[Zope-dev] Translator Rules...How should we attack the issue?

Stephan Richter srichter@cbu.edu
Fri, 24 Mar 2000 15:22:17 -0600


Another issue we all should be concerned with is grammar. I know that the 
chinese grammar is as simple as it gets (maybe, mandarin should be the 
world language). Furthermore, the European languages (especially the 
latin-based ones) are similar. But there are small differences:

So for example (I will try my best with French):

I seek my red home.
Ich suche mein rotes zu Hause.
Je cherche mon maison rouge.

I see so many problems here. For example, the sentance structure between 
German and English is pretty much the same. BUT, in German you have to 
conjugate "suchen" (seek) as well as "rot" (red). The translator certainly 
should not attempt translate the entire sentence. It should be smart about 
grammar.
But it gets much worse than that. In french adjectives are "usually" (geez, 
another issue) placed behind the noun. Aditionally, to conjugate "chercher" 
(seek), you have to conjugate "mon" (my), since that depends whether you 
are guy or a girl.

So here are some of my thoughts about the issue (they are not organized or 
well thought through):

- Evaluating a sentence should work like parsing an algebratic expression 
into reverse polish notation (RPN) using stacks or a tree.
- Each subtree will automatically represent a phrase.
- Each word and phrase is an object that contains many information, 
containing grammar.
   So for example, "suchen" should contain all its conjugations. The same 
for the adjective "rot".
   I think an abstract base class called WORD should be written, and then 
derived classes called ADJECTIVE, VERB, NOUN, ADVERB ...
   These classes should also reference each other, since in German you can 
easily make out of adverbs --> nouns --> verbs.
   Mmmh, that brings me to another point, specific for German. We have a 
lot of compound words... That will be hard...

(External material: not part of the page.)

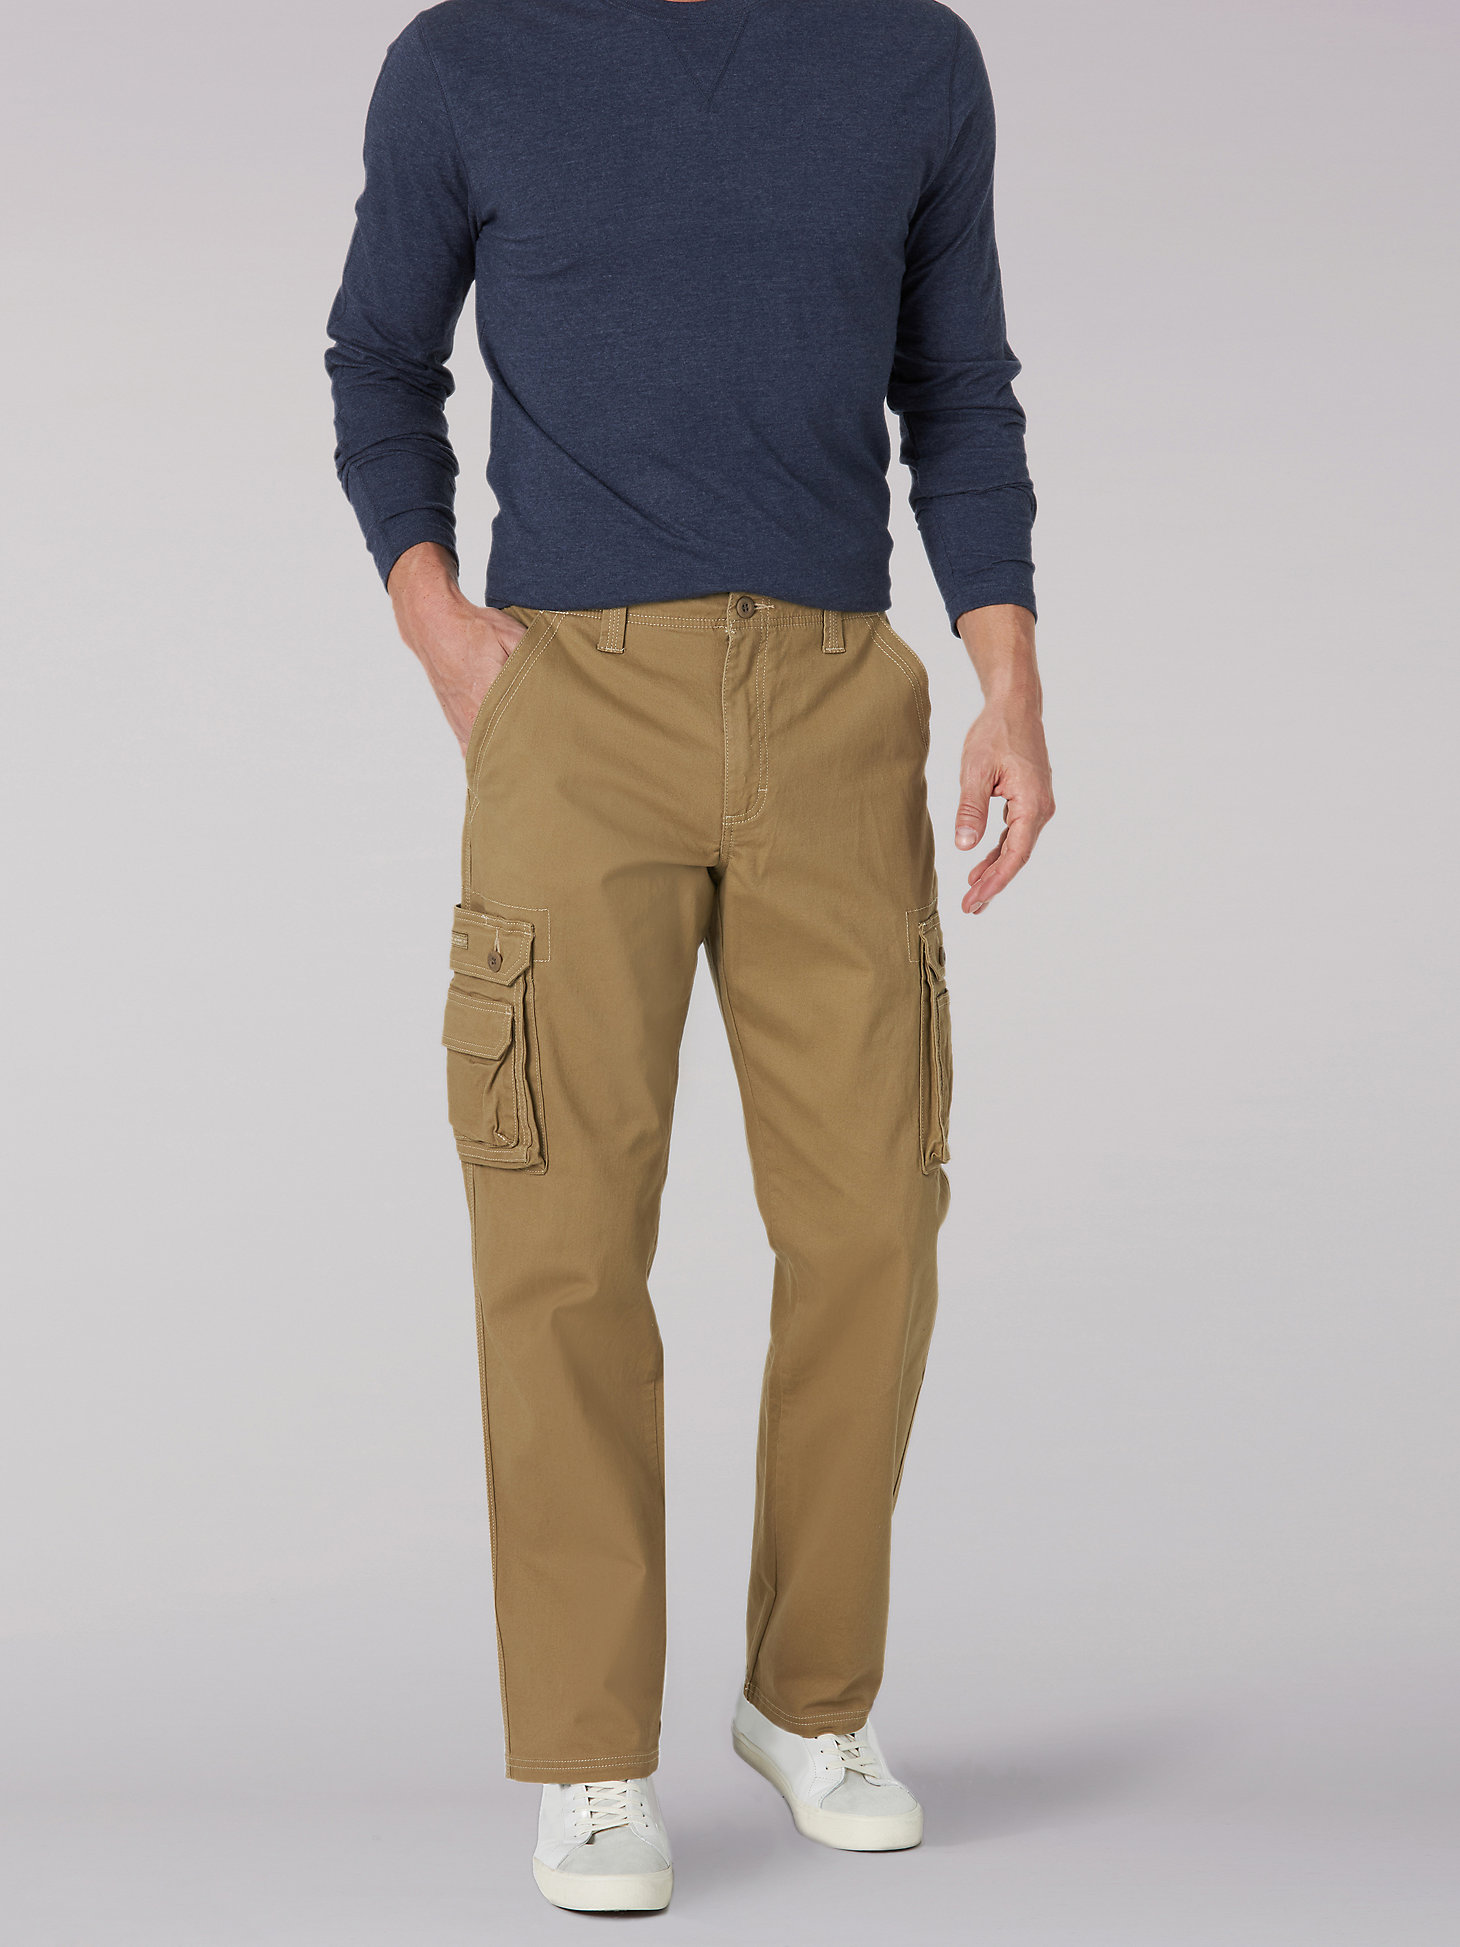 Men's Wyoming Relaxed Fit Cargo Twill Pant in Nomad main view

So here an example for: I seek my red home.
                                       /                      \
                                 I seek               my red home
                               /         \                 /           \
                            I           seek          my           red home
                                                                          / 
\
                                                                       home 
red

So I would translate (walking the tree):

I --> Ich  (Note: we know that it is first person singular)
seek --> suchen ---> suche (since we have first person singular)
I seek --> Ich suche

my --> mein (signals posession: 4th case--> Akusativ)
home --> zu Hause (Note: we know it is neutral, because: das zu Hause)
red --> rot --> rotes (because 4th case neutral)
red home --> rotes zu Hause
my red Home --> mein rotes zu Hause

I seek my red home. --> Ich suche mein rotes zu Hause.

Now that was built on German grammar rules. We certainly could do this with 
French and Spanish as well.

We probably need some language experts which can tell us, which words are 
more important in defining the grammar than others. While I was doing the 
example, I noticed that nouns are more important than adjectives.
Furthermore, we should consult a graph theorist who can help us with 
creating trees, based on these rules. He might be able to use some math to 
optimize the algorithm.

As I said, these are just some ideas. Any comments?

Regards,
Stephan
--
Stephan Richter - (901) 573-3308 - srichter@cbu.edu
CBU - Physics & Chemistry; Framework Web - Web Design & Development
PGP Key: 735E C61E 5C64 F430 4F9C 798E DCA2 07E3 E42B 5391